Elle survient lorsqu’un fluide s’accumule anormalement sous ou dans la rétine. Une nouvelle étude publiée dans The American Journal of Pathology par Yvonne de Kozak et Francine Behar-Cohen, directrice de l’Hôpital ophtalmique Jules-Gonin, explique pour la première fois une des causes de cette maladie et offre de nouvelles méthodes de traitement.

L’étude en question suggère que l’exposition répétée à des stimuli, comme des allergènes ou des agents infectieux, peut conduire les mastocytes, des globules blancs circulant dans le sang sous forme immature, à libérer leur contenu de manière répétée. Ce processus, nommé dégranulation, pourrait entraîner la rupture des barrières hémato-oculaires et l’accumulation de liquide sous-rétinien. Grâce à un modèle animal dans lequel la dégranulation mastocytaire avait été induite chimiquement, les chercheurs ont pu tester que l’administration préalable d’une substance qui bloque la libération des médiateurs inflammatoires entraînait une diminution des cas de décollement de rétine. L’inhibition pharmacologique de la dégranulation mastocytaire pourrait donc avoir un potentiel thérapeutique important.

Lutter contre les infections lors des greffes d’organe

Les traitements immunosuppresseurs ont permis d’améliorer considérablement la survie des receveurs d’organes.
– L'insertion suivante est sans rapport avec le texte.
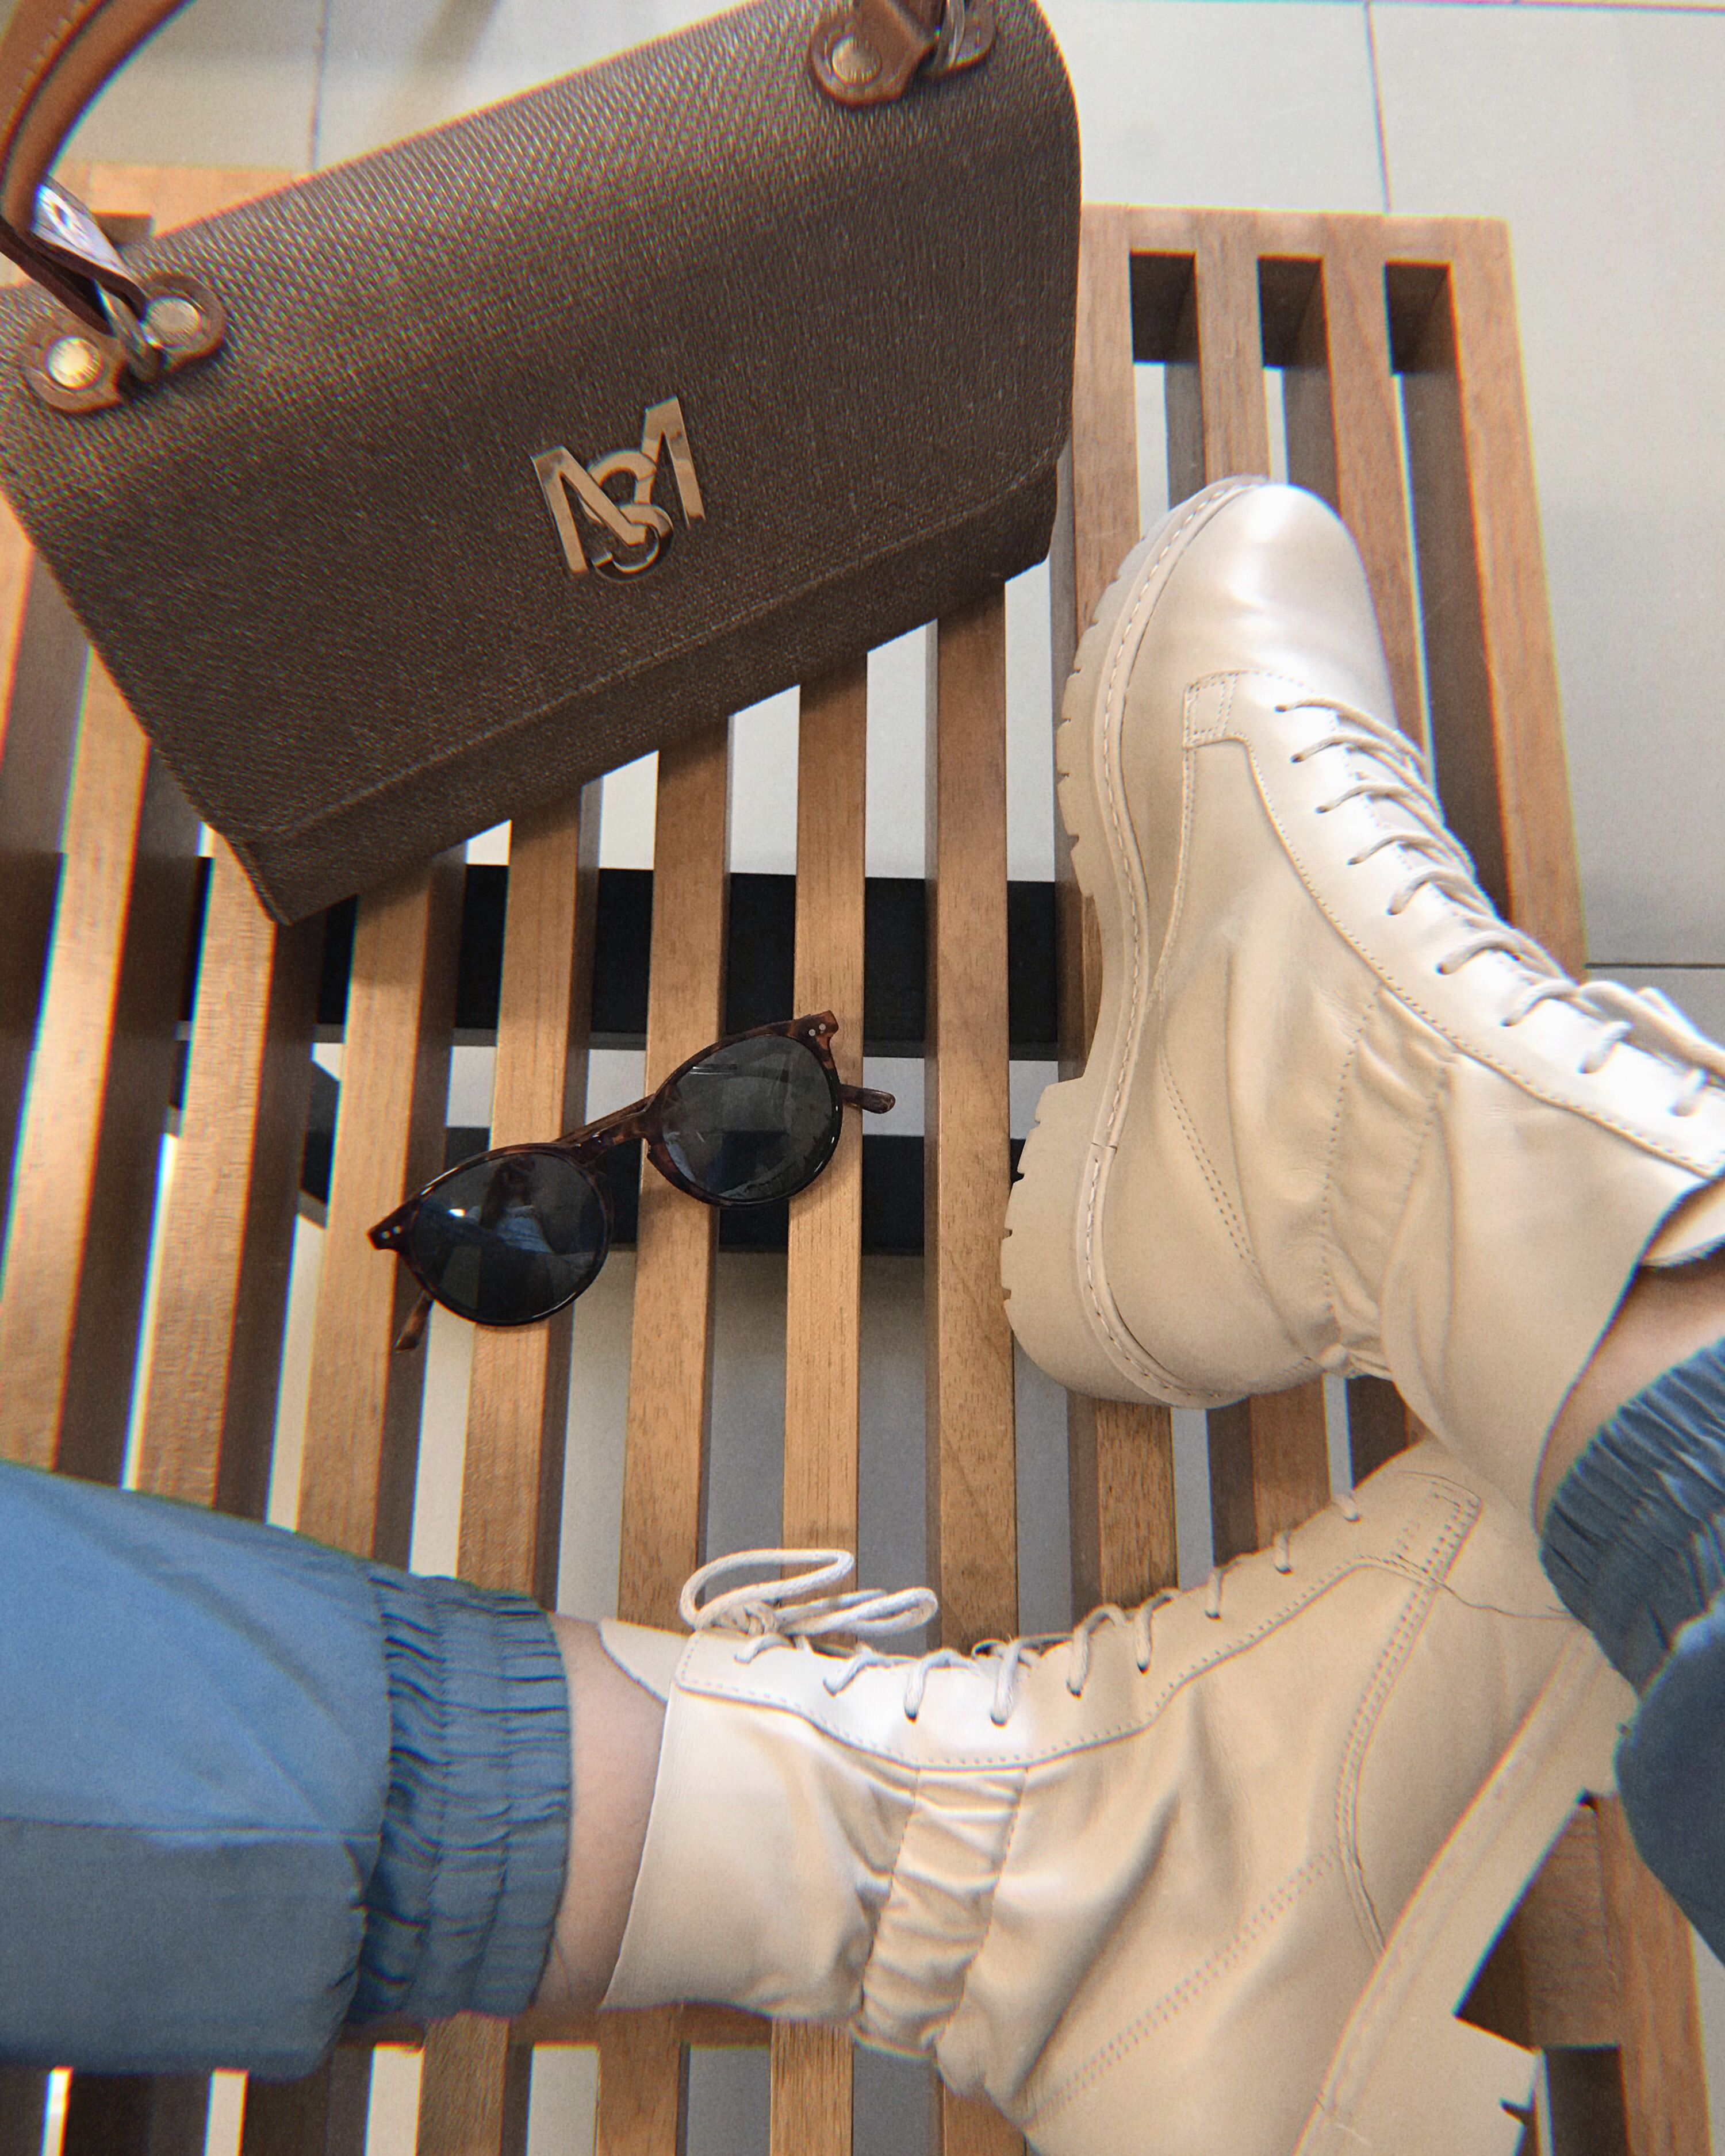 Paixão por aquele corturno lindo 💕  . . . . #lookdodia #lookdetrabalhododia #fashionworld #coturnooffwhite  #producaodemoda #consultoriadeestilo #fashionblogger #fashioninspiration #inspiraçãododia #lookinspiracao

Ces traitements « antirejet » favorisent cependant la survenue d’infections, comme l’aspergillose invasive causée par le champignon Aspergillus. On ignore pourquoi certains greffés développent une aspergillose, alors que d’autres, pourtant exposés à des risques similaires, y échappent. Il est donc difficile d’identifier les individus qui pourraient bénéficier d’un traitement préventif.

La Dre Agnieszka Wójtowicz, biologiste dans le groupe du Dr Pierre-Yves Bochud au Service des maladies infectieuses, a montré que la susceptibilité à l’aspergillose invasive chez les receveurs d’organes solides est associée à un polymorphisme du gène de la protéine « long pentraxine 3 » (PTX3). Celui-ci entraîne un recrutement insuffisant de cellules immunitaires (granulocytes neutrophiles) au site d’infection. On sait par ailleurs que chez les receveurs de greffes de moelle, c’est le polymorphisme PTX3 du donneur, et non celui du receveur, qui génère une susceptibilité accrue à l’infection.

Bien que l’exploration du génome humain connaisse un développement extraordinaire, il existe encore peu d’applications dans la pratique médicale. Le polymorphisme PTX3 constitue désormais un des marqueurs les plus prometteurs dans le domaine de l’immunogénétique des infections. Cette étude est parue dans la revue Clinical Infectious Diseases.

Une cascade de prix

Cette ligne de recherche menée en collaboration par le Service des maladies infectieuses, le Centre de transplantation d’organe et la Swiss Transplantation Cohort Study a été récompensée par le Prix du meilleur poster lors du Congrès annuel de la Société suisse de transplantation en 2016 (Dre A. Wójtowicz), par le Clinical Science Award à ce même Congrès en 2015 (Dr Oriol Manuel et Pierre-Yves Bochud), et par le Prix du meilleur poster aux journées du Département de médecine (Dre A. Wójtowicz). Le CHUV est l’un des acteurs principaux de la STCS depuis ses débuts en 2007.